The method of claim 3,
Wherein the side pressure measuring unit is installed on a side surface of the container and is positioned at a predetermined height from a bottom surface of the container, and the sample is sidewaysly applied with a vertical pressure of a predetermined magnitude A lateral pressure measuring sensor for measuring a lateral pressure of the concrete form.

5. The method of claim 4,
Wherein the lateral pressure measuring sensor is inserted into an insertion recess formed outwardly from an inner side surface of the container.

5. The method of claim 4,
Wherein the lateral pressure measuring sensors are installed at a predetermined interval on the one side of the container or a plurality of the lateral pressure measuring sensors are installed at arbitrary intervals.
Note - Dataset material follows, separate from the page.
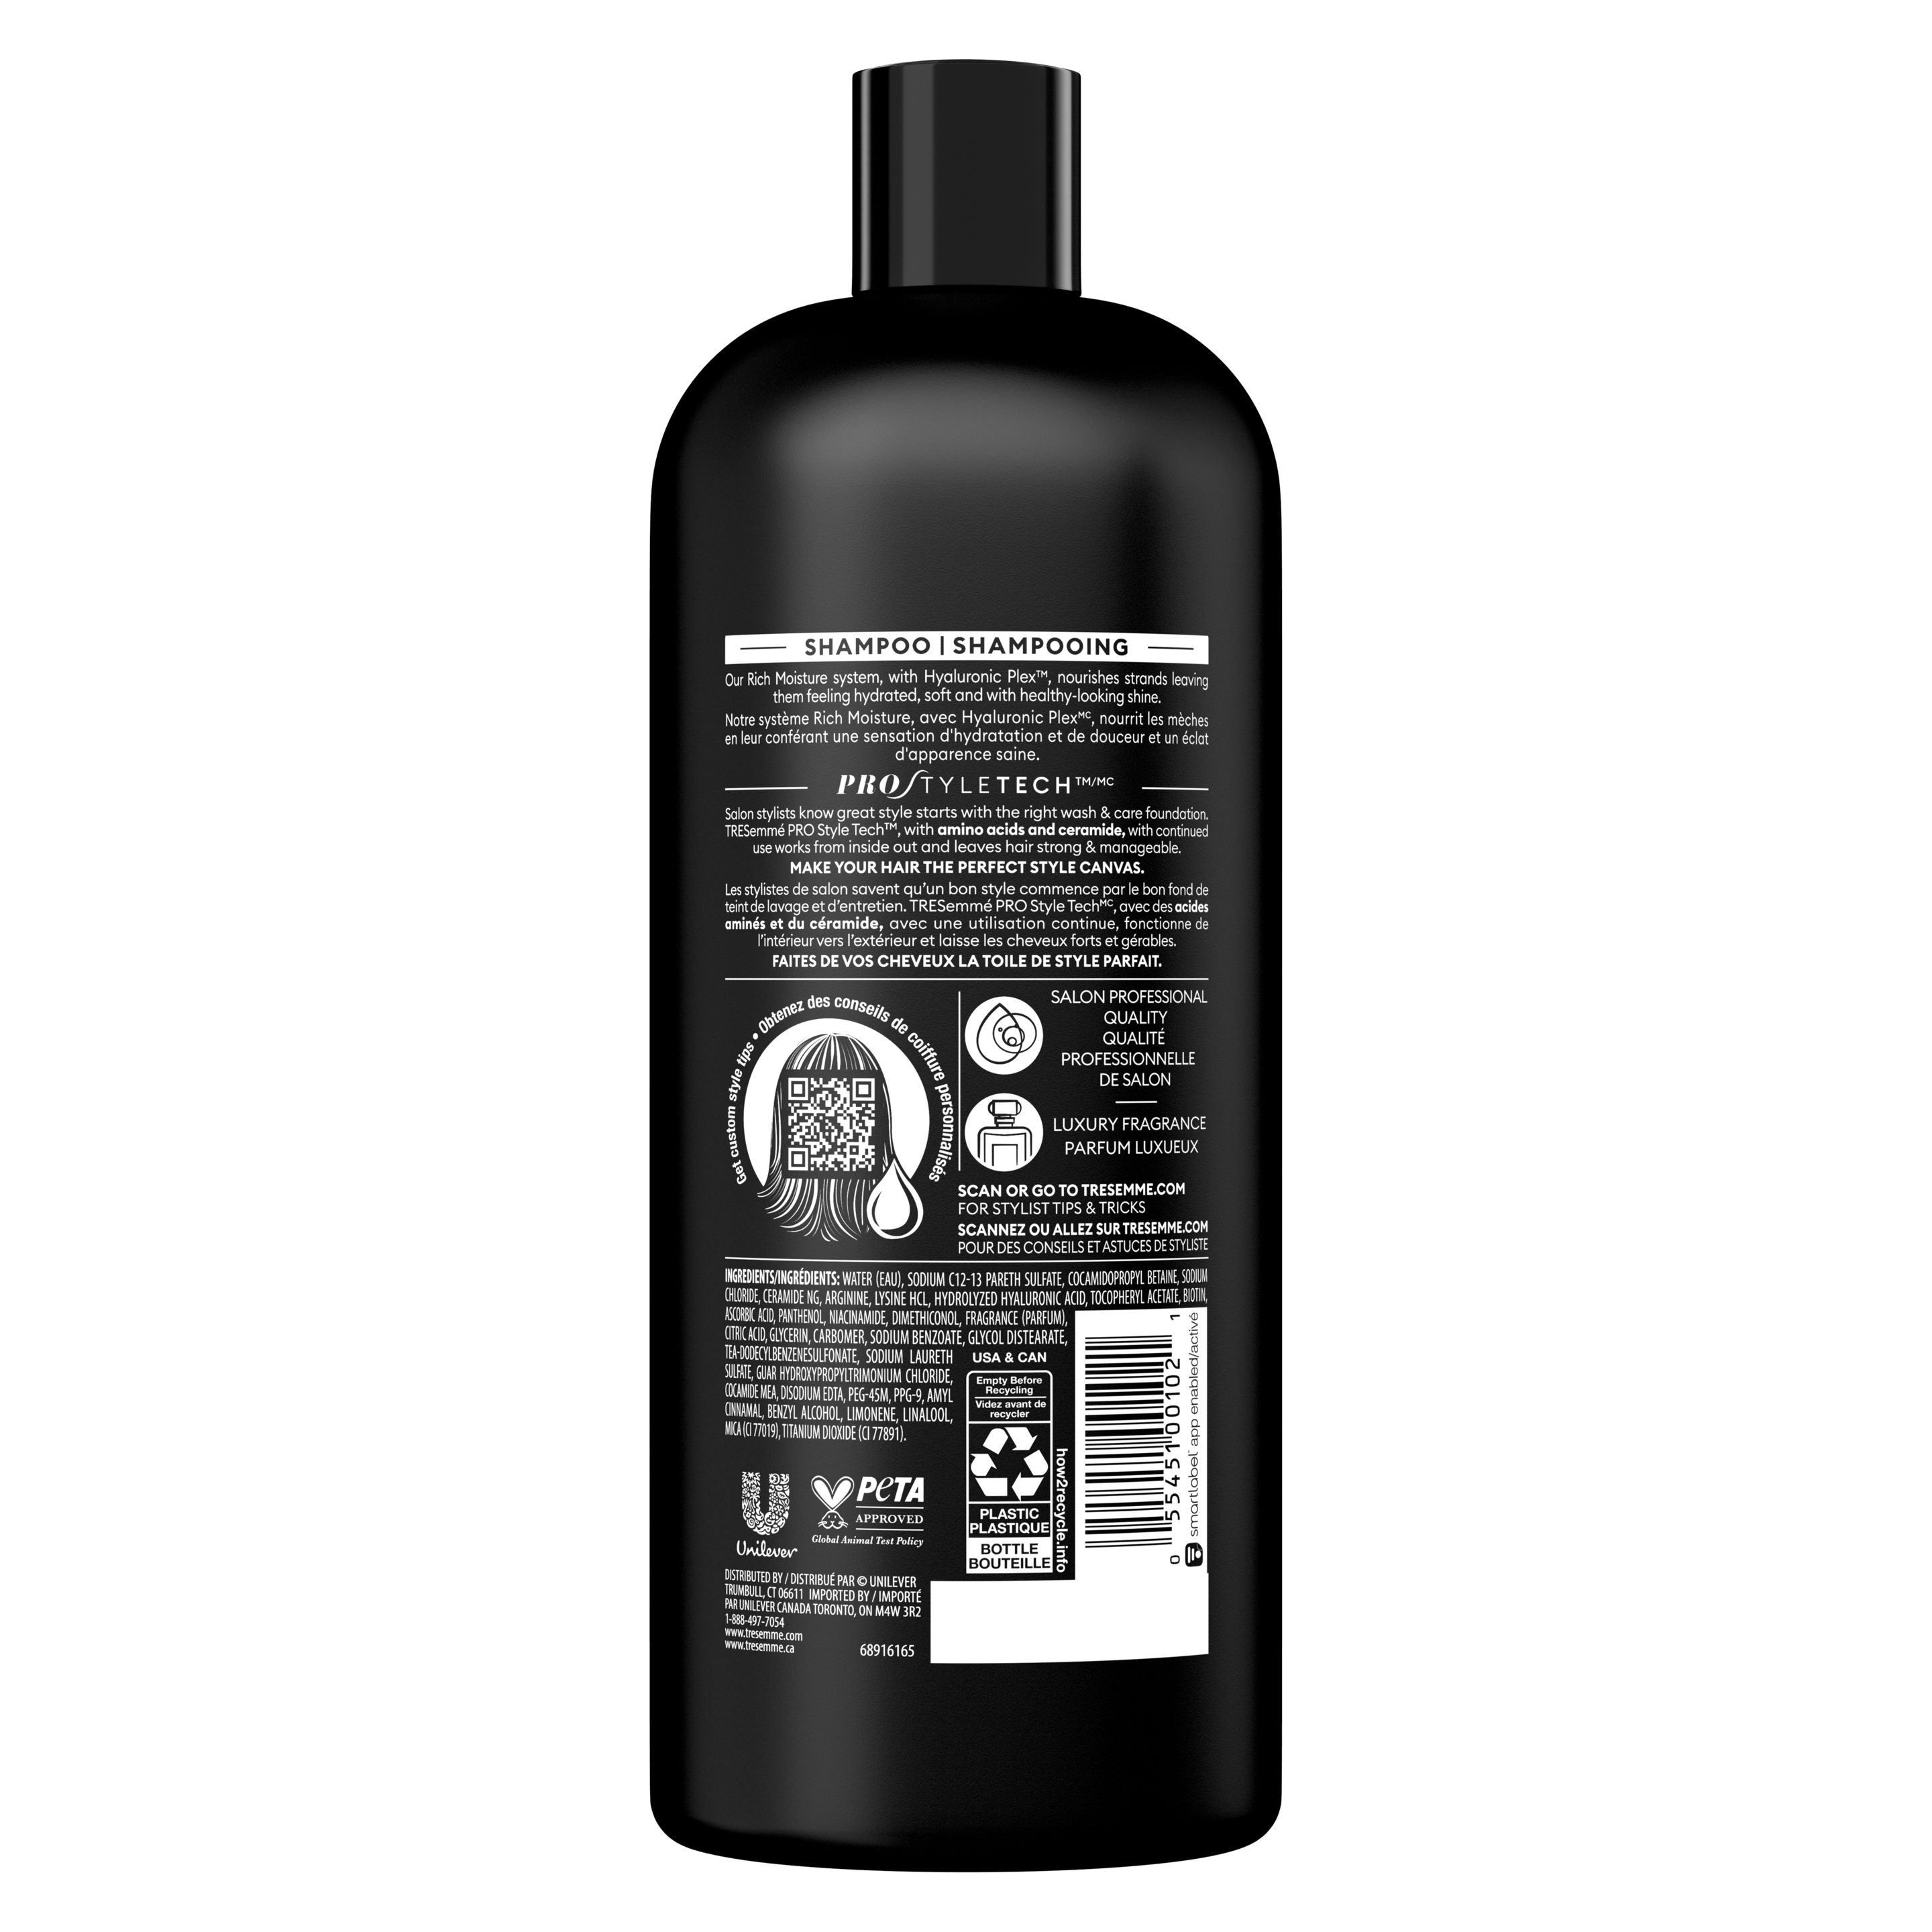 TRESemmé  Twin Pack Shampoo & Conditioner for dry hair Rich Moisture formulated with Pro Style Tech 828 ml 2 Bundle Pack

The method according to claim 6,
Wherein the lateral pressure measuring sensor is inserted into an insertion groove formed at an interval or at an arbitrary interval on the inner surface of the container.

The method of claim 3,
Wherein the lateral pressure measuring unit is disposed on an inner circumferential surface of the container and is positioned at a predetermined height from a bottom surface of the container, and the sample is horizontally applied to the sample in a state of receiving a vertical pressure of a predetermined magnitude in the vertical direction A lateral pressure measuring sensor for measuring a lateral pressure of the concrete form.

9. The method of claim 8,
Wherein the lateral pressure measuring sensor is inserted into an insertion recess formed outwardly from the inner circumferential surface of the container.

9. The method of claim 8,
The lateral pressure measuring sensor is installed at an angular interval of 2 or 3 or more at circumferential direction on the inner circumferential surface of the container, or installed at an arbitrary angular interval.

11. The method of claim 10,
Wherein the lateral pressure measuring sensor is installed in an inner circumferential surface of the container in an insertion groove formed at a predetermined angular interval or an arbitrary angular interval with reference to the center of the container.